Edmund Bertschinger named head of MIT physics

Edmund Bertschinger, professor of physics and division head, astrophysics, has been appointed the Head of the Department of Physics, effective July 1.

Bertschinger succeeds Marc Kastner, who will become dean of the School of Science, also effective on July 1.

In making the announcement Kastner said, "Ed is a deep, broad physicist, and a superb educator of undergraduates and graduate students. He has done an outstanding job leading our astrophysics effort, and I am confident that he will be an excellent department head."

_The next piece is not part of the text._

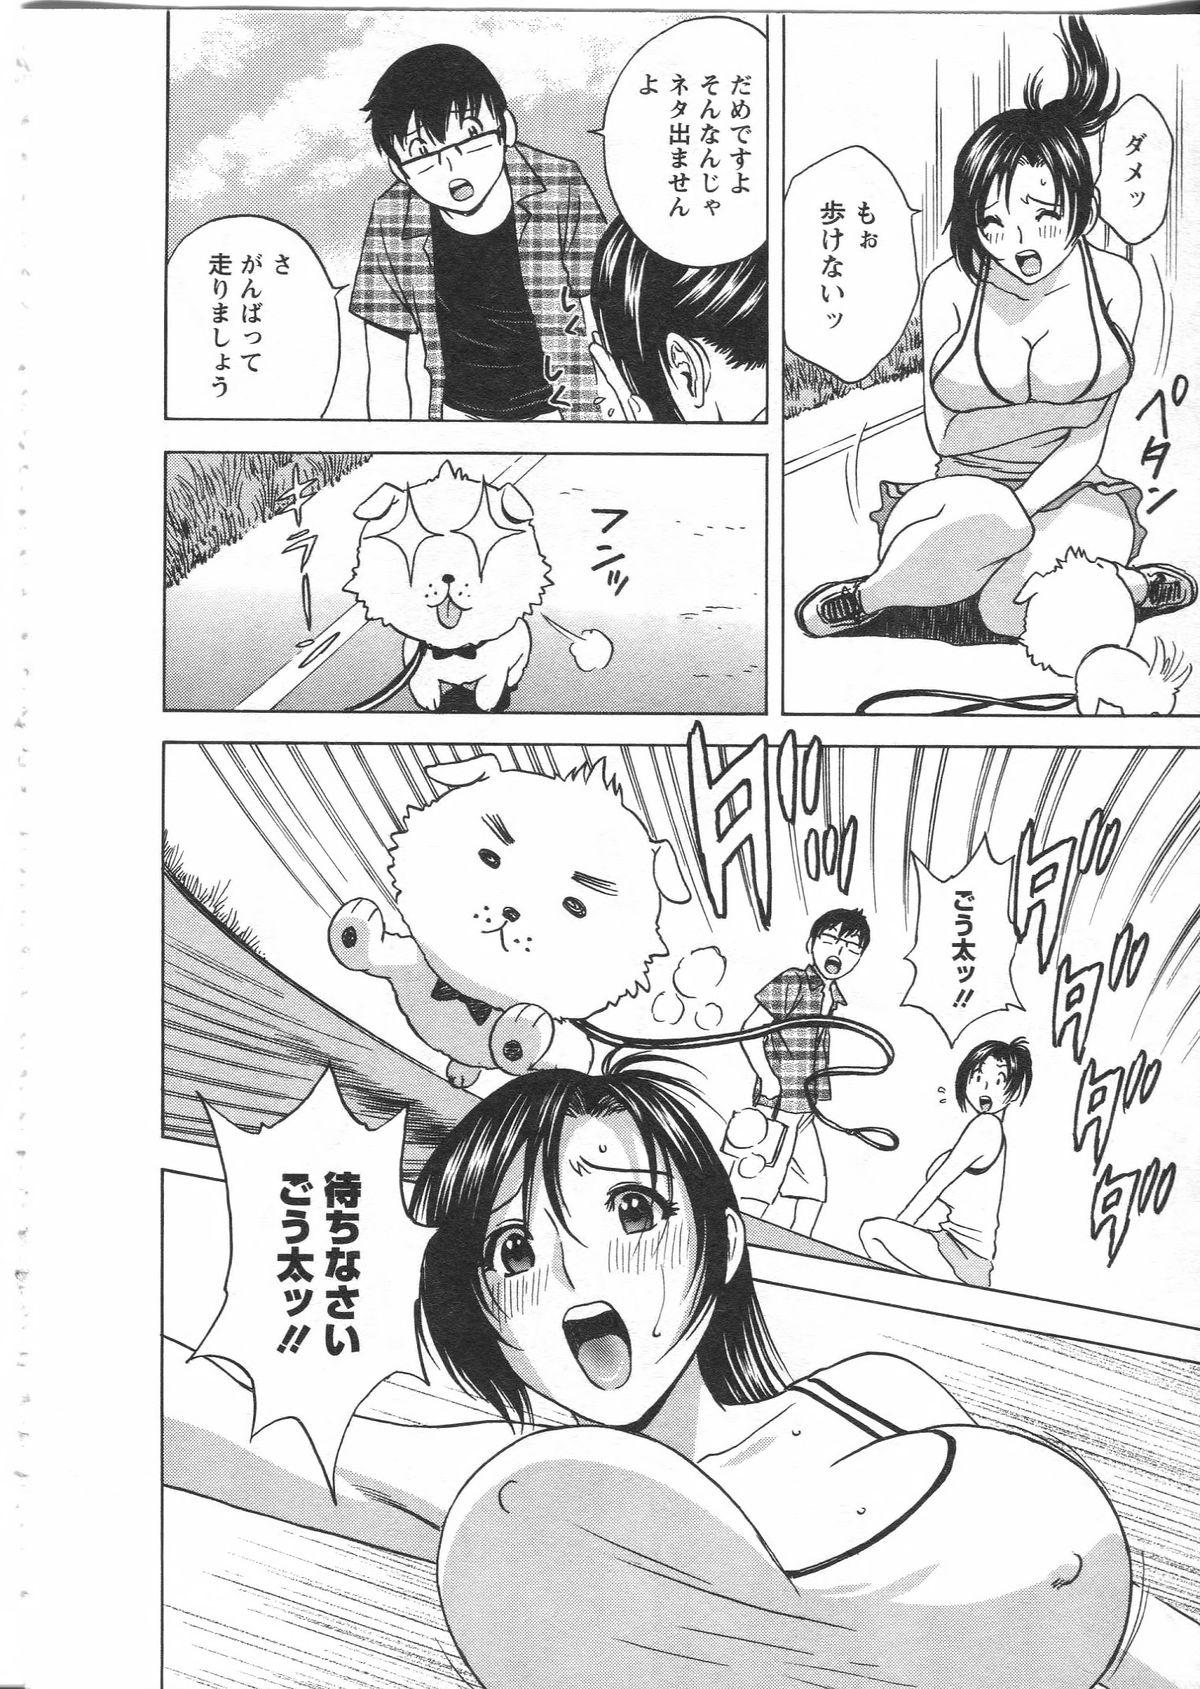 Manga no youna Hitozuma to no Hibi - Days with Married Women such as Comics. 142

In his role at the MIT Kavli Institute for Astrophysics and Space Research, Bertschinger leads a program investigating the formation of cosmic structure after the big bang, the physics of dark matter both in the early universe and in forming galaxies, and the physical processes governing matter and radiation close to black holes. He enjoys working with his students from the high school to graduate levels in his research in astrophysics, cosmology, and general relativity, some of whom have won national awards for their work. Bertschinger himself has won the 2002 Buechner Teaching prize for his undergraduate and graduate classes in relativity.

Bertschinger said he looked forward to assuming his new role. He noted, "The Physics Department is in excellent shape thanks to Marc Kastner's leadership. We have wonderful opportunities for intellectual excitement following the completion of the Green Center for Physics. I feel very privileged to serve and I look forward to working with the faculty, staff, and students who make the Physics Department special. I'm also grateful to Tom Greytak for agreeing to serve as Interim Head during my fall semester sabbatical."

Bertschinger received his Ph.D. in astrophysical sciences from Princeton University in 1984 and did postdoctoral research at the University of Virginia and the University of California at Berkeley. He is a Guggenheim Fellow, a Fellow of the American Physical Society, and he received the Helen B. Warner Prize from the American Astronomical Society. He became a faculty member at MIT in 1986.